10点半左右我们来到鸡西监狱,请求他们下午继续配合提审贺长生,这样可以防止本不太多的接见室被人挤占。从监狱出来,我们商量,听说鸡西冷面很有名,来一趟怎么也要尝尝正宗的鸡西冷面吧,可是进入市区后我们发现街上的冷面馆还真不少,让我们不知道选哪家好,我便用手机在网上搜了一下,选了一家距离较近的冷面馆。这是一家朝鲜族饭馆,面确实很好吃,就是冷得吃起来让人有些牙疼,三九天吃上这样一顿饭,恐怕这辈子也忘不了。
下午的审讯贺长生依然是和昨天态度差不多,张广铭便充分调动发挥他的审讯技巧,向贺长生说明,第一,这起案件不是大案,性质不严重,损失也不大;第二,现在你正在服刑期间,交待得好,再把损失弥补上,加刑不会很重;第三,如果顽固到底,我们通过完整的证据链条一样可以对你进行零口供起诉;第四,如果在这里不交待,我们回去带着手续再来,将你押回到看守所,到那时你将无法争取主动,悔之晚矣。
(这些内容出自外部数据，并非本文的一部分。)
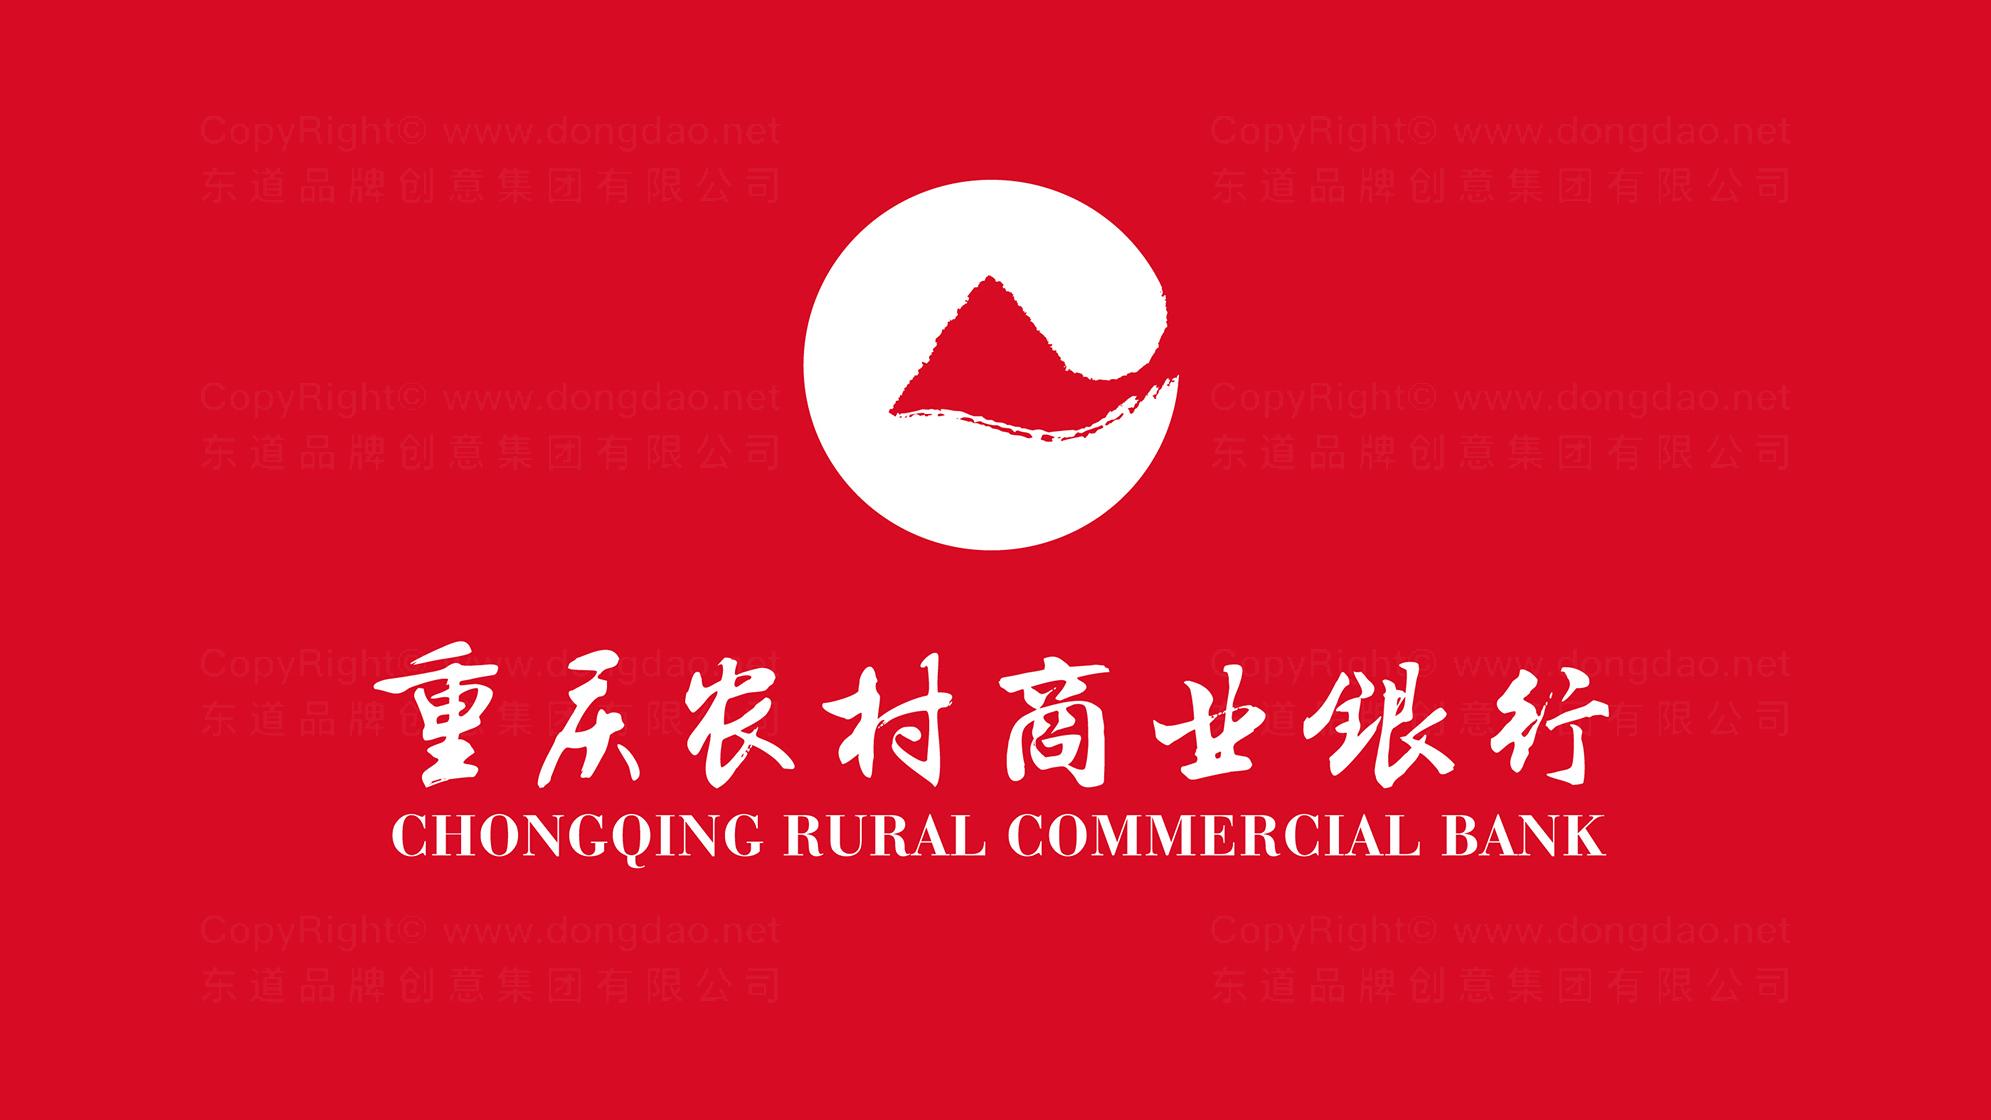 品牌设计案例重庆农村商业银行LOGO&VI设计

一番交待政策后,贺长生开始有所松动,但还是没有交待,两个半小时很快过去,贺长生在临走之前喏喏地说:“明天你们再来一趟吧?”张广铭和武金龙都没有正面回答他,只是说“来不来不是你说了算”。
出来后, 我们经过研究,认为贺长生的心理防线已经基本崩溃,再经过一番攻势一定能够缴械,于是张广铭首先请示所长刘凤君,批准再留下一天,明天再审一次。然后他又给监狱方面打电话,让他们帮助再做一做贺长生的思想工作,狱侦科的冷科长虽然对贺长生的心脏病问题表示有些担忧,但还是同意帮助我们做做工作。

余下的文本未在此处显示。